Vietnamese brunch reimagined — the crème brûlée egg coffee alone is worth the wait.

Nếp Cafe runs Vietnamese-inflected brunch — crème brûlée egg coffee, bone marrow pasta, sizzling cast-iron bánh mì chảo — out of a bright, packed room in Fountain Valley. The menu has no real analogue in OC: Vietnamese flavor profiles applied to brunch-format dishes with culinary technique that makes the combination feel inevitable rather than forced.

The Concept

Part of the Kei Concepts restaurant group, Nếp was built to elevate Vietnamese café culture beyond standard pho-and-bánh-mì territory. The Bánh Mì Chảo arrives in a cast-iron skillet — filet mignon, paté, eggs, and a warm baguette for dipping — and sets the tone for a menu where every dish is working at something specific. The bone marrow pasta delivers deep umami. The specialty coffees are treated as dessert courses. None of this is novelty for its own sake; the flavor execution holds up after the concept wears off.

The Atmosphere: Bright and Buzzing

Flooded with natural light, minimalist wood tones, constantly full. Most tables photograph their food before eating — the visual presentation is as considered as the flavor, and the coffee program treats every specialty drink as a course in its own right.

What to Order

Bánh Mì Chảo—filet mignon, paté, and eggs in a sizzling cast iron with warm baguette for dipping; the centerpiece of the menu.

Bone Marrow Pasta—rich, umami-forward, and unlike anything else on the brunch circuit in OC.

Crème Brûlée Egg Coffee—traditional Vietnamese egg coffee finished with a torched sugar crust on top.
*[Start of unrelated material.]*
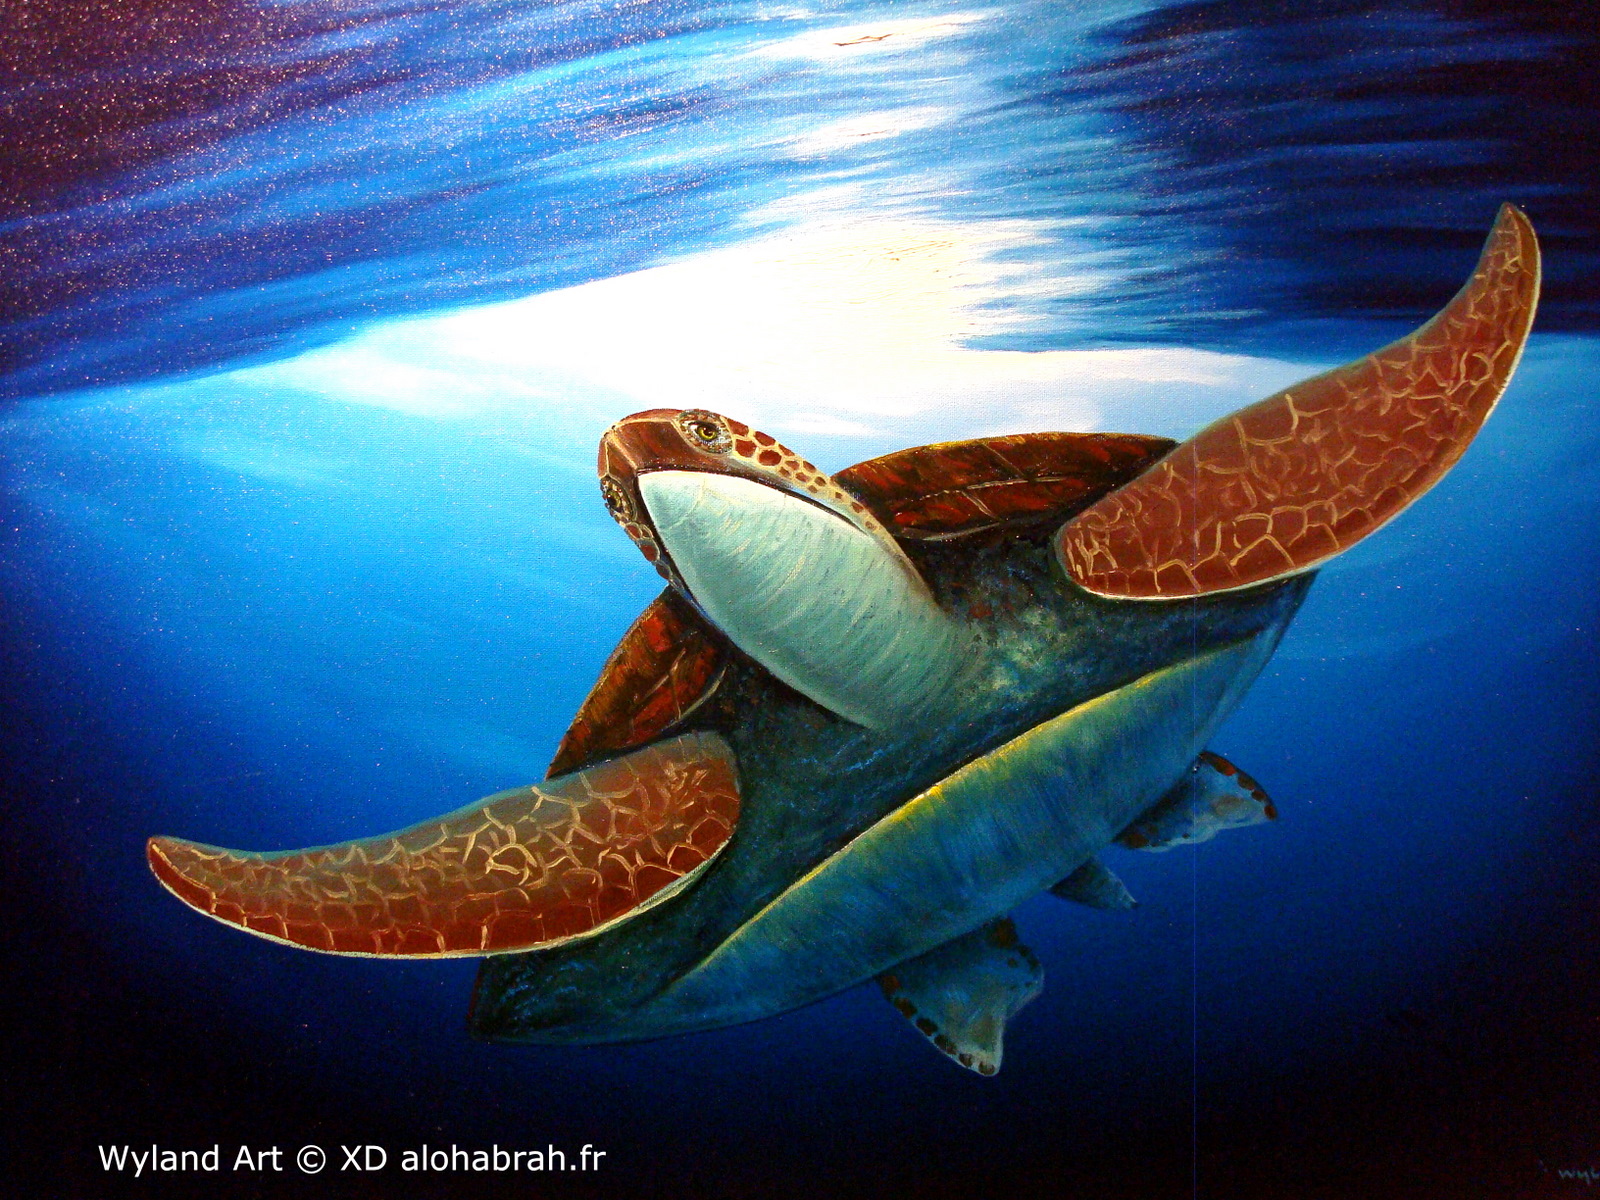 Hawaiian turtle 02 - Wyland Art © XD alohabrah.fr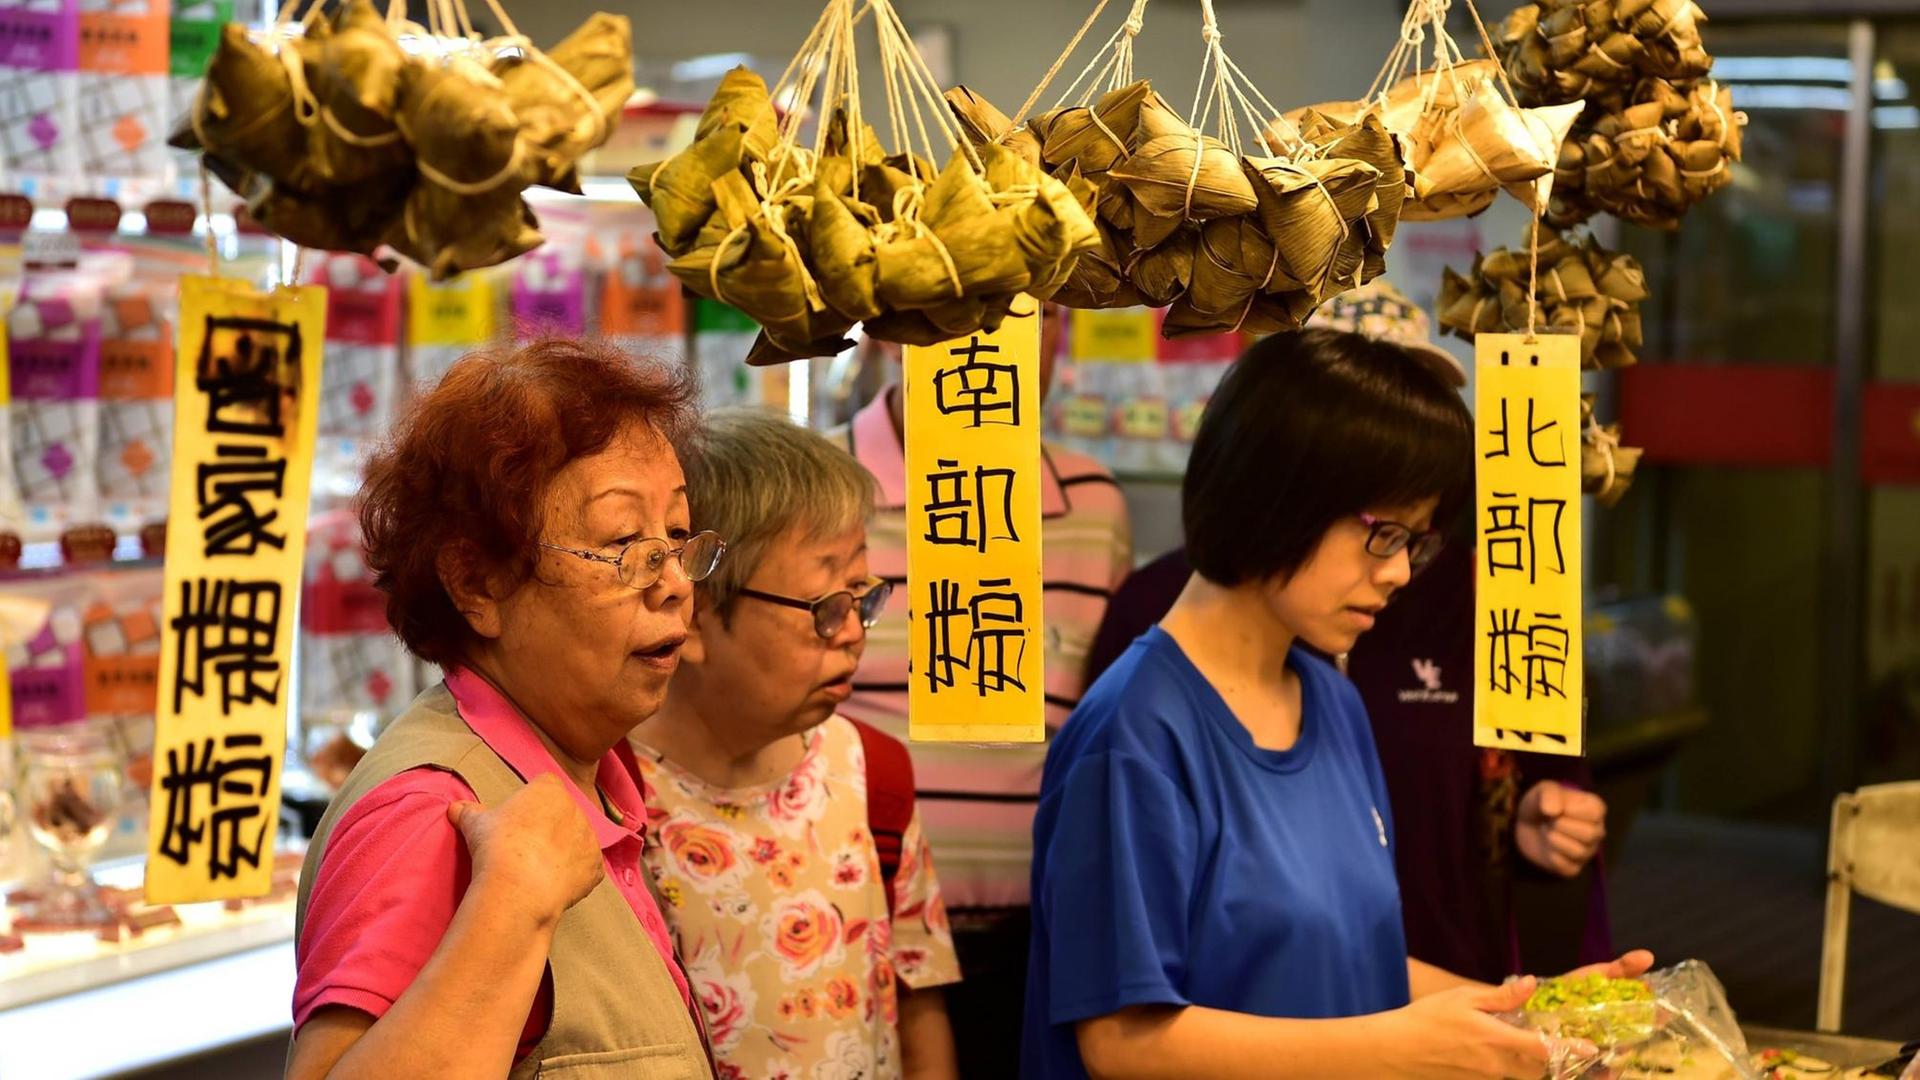 Szene auf einem markt in Taipeh. Die Frauen kaufen "zongzi".

Ube Coffee—earthy, sweet, and visually striking; the most photographed drink on the menu for a reason.

Planning Your Visit

Location: 10836 Warner Ave, Fountain Valley · Hours: Daily 8:00 AM–9:00 PM · Waitlist: Join via Yelp before leaving home on weekends

The Honest Take

Weekend waits stretch into the hours. The food is rich and the coffee is potent — this is not a quick stop. Don't skip the specialty drinks; the coffee program is treated with the same seriousness as the food, and skipping it means missing half the point of the visit.